= Requirement =
Whenever a picture appears, leave it out while repeating all the other data exactly.

= Dataset section =
▬▬▬▬▬▬

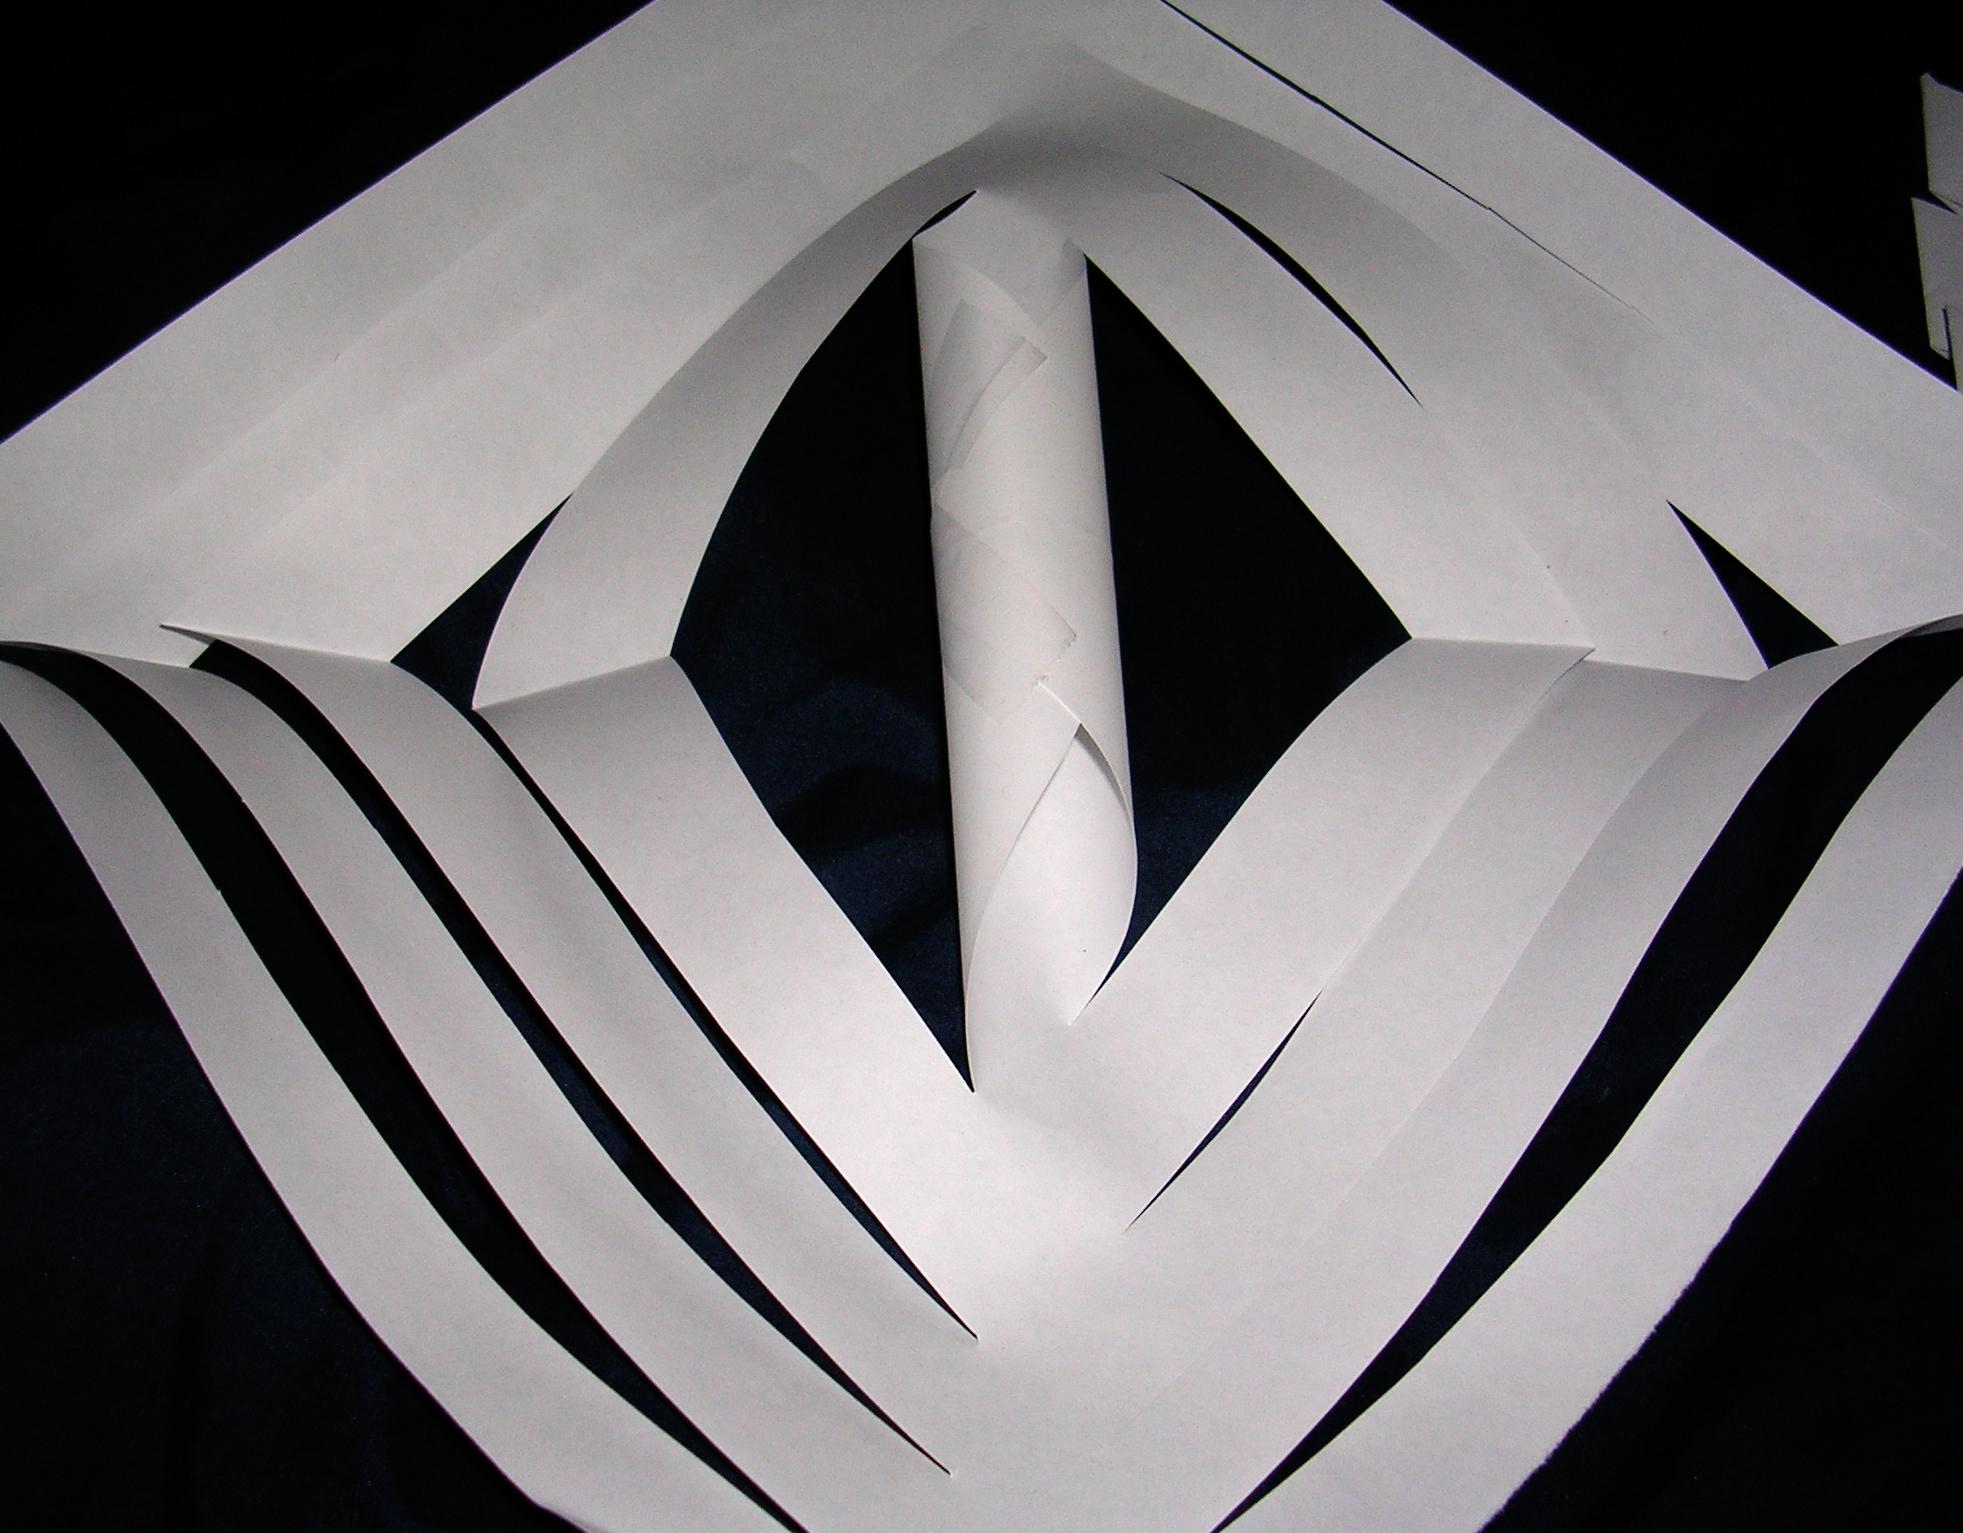 Folding the corners in
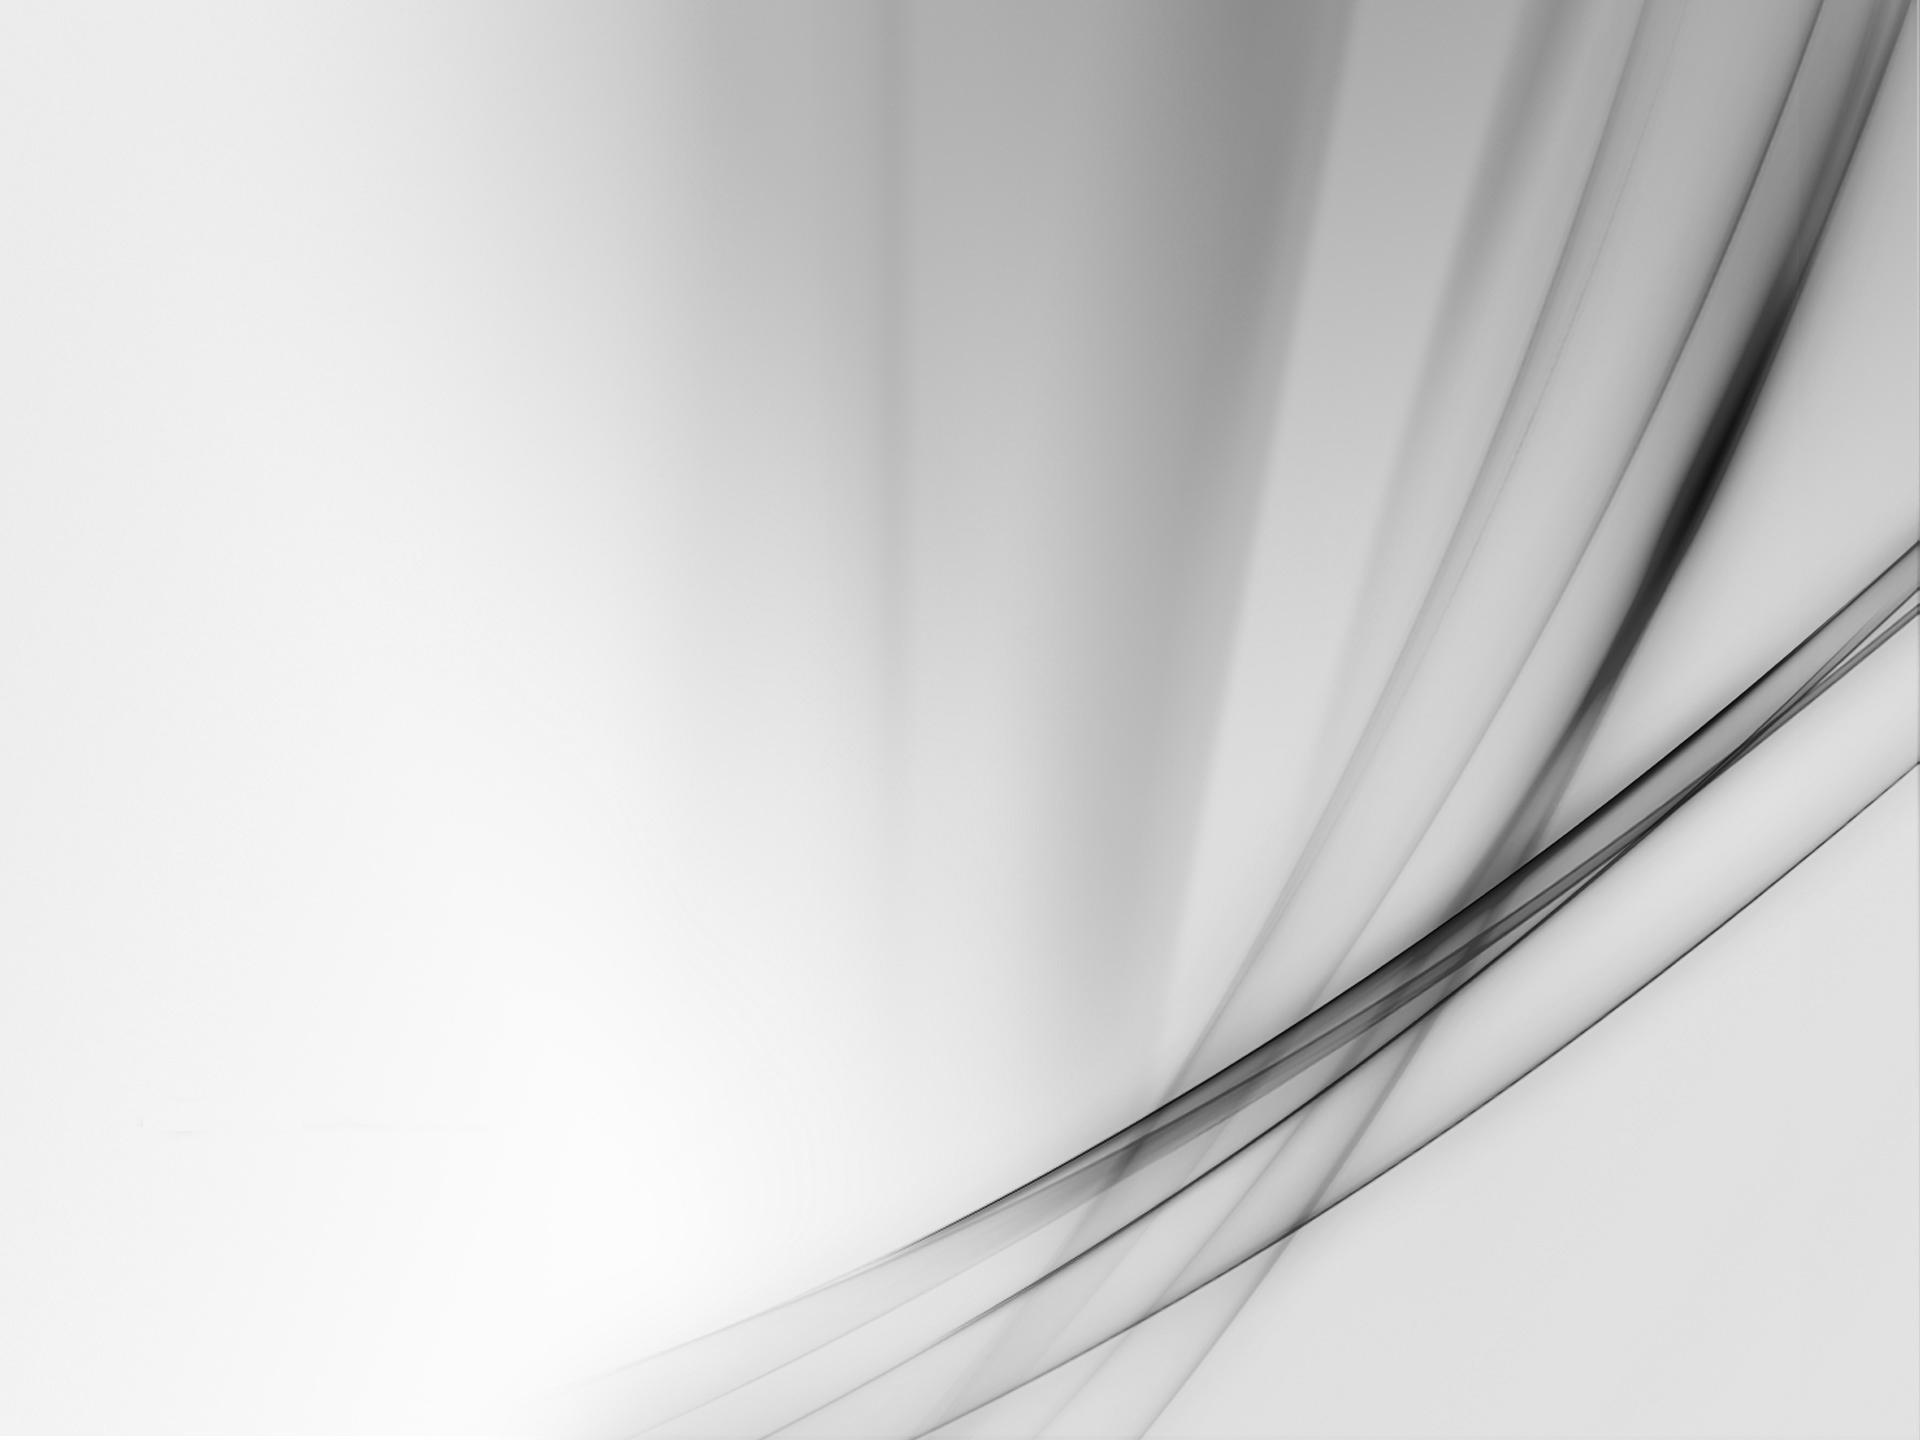 Hd wallpaper white – White Wallpaper Hd Texture 6d Download
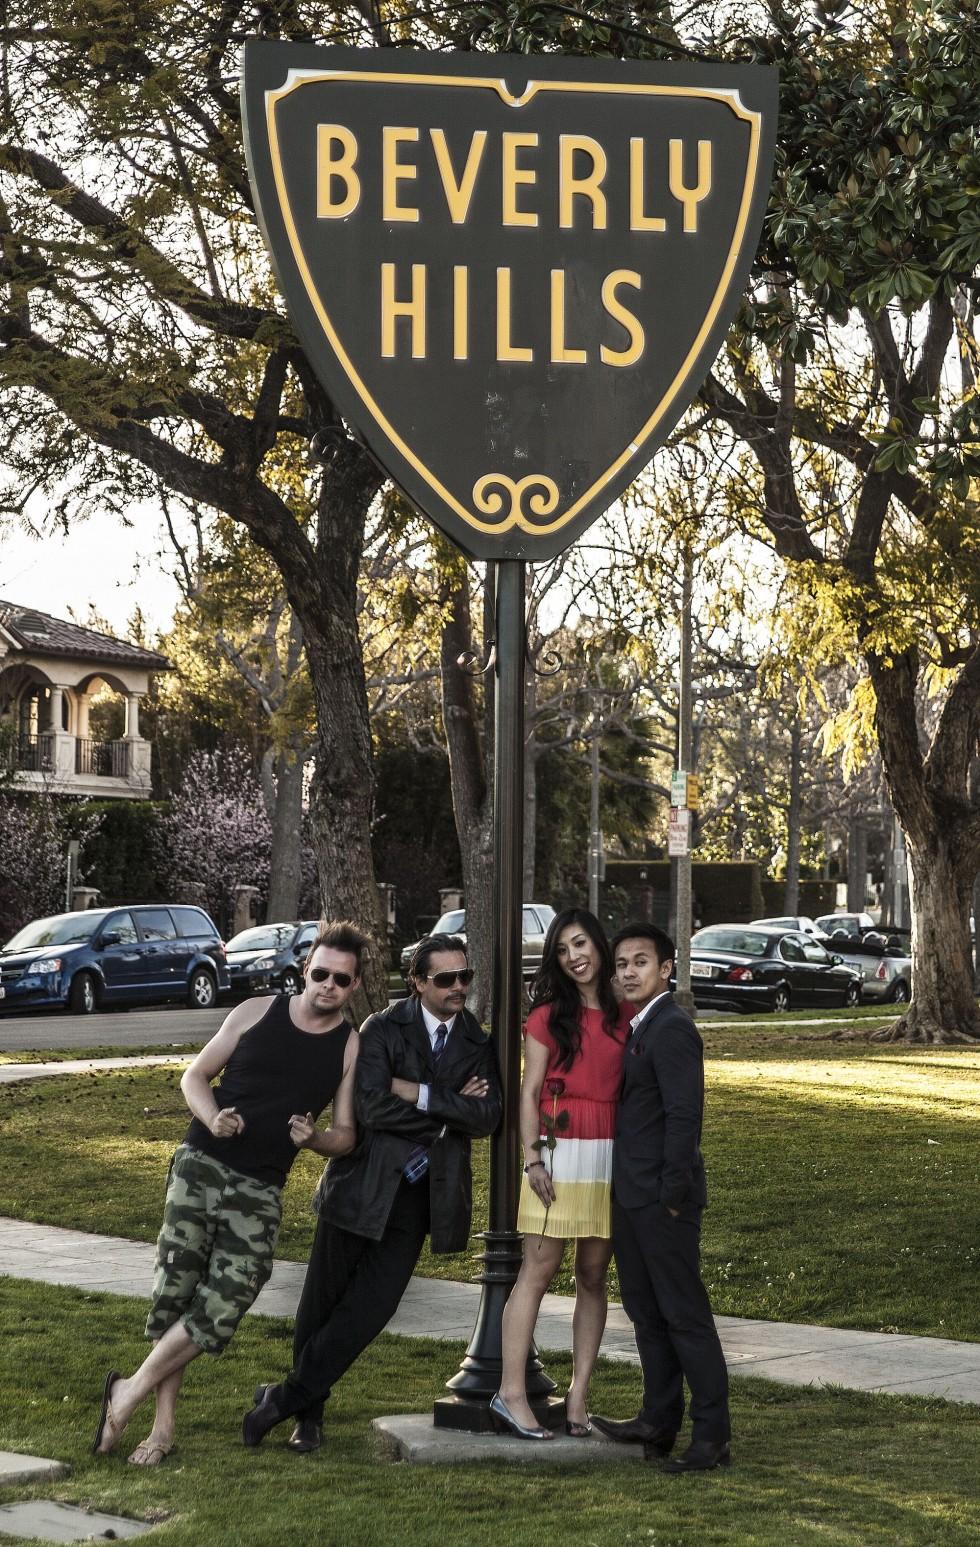 Optagelser i Beverly Hills.

▬▬▬▬▬▬

= Task result =
 Folding the corners in
 Hd wallpaper white – White Wallpaper Hd Texture 6d Download
 Optagelser i Beverly Hills.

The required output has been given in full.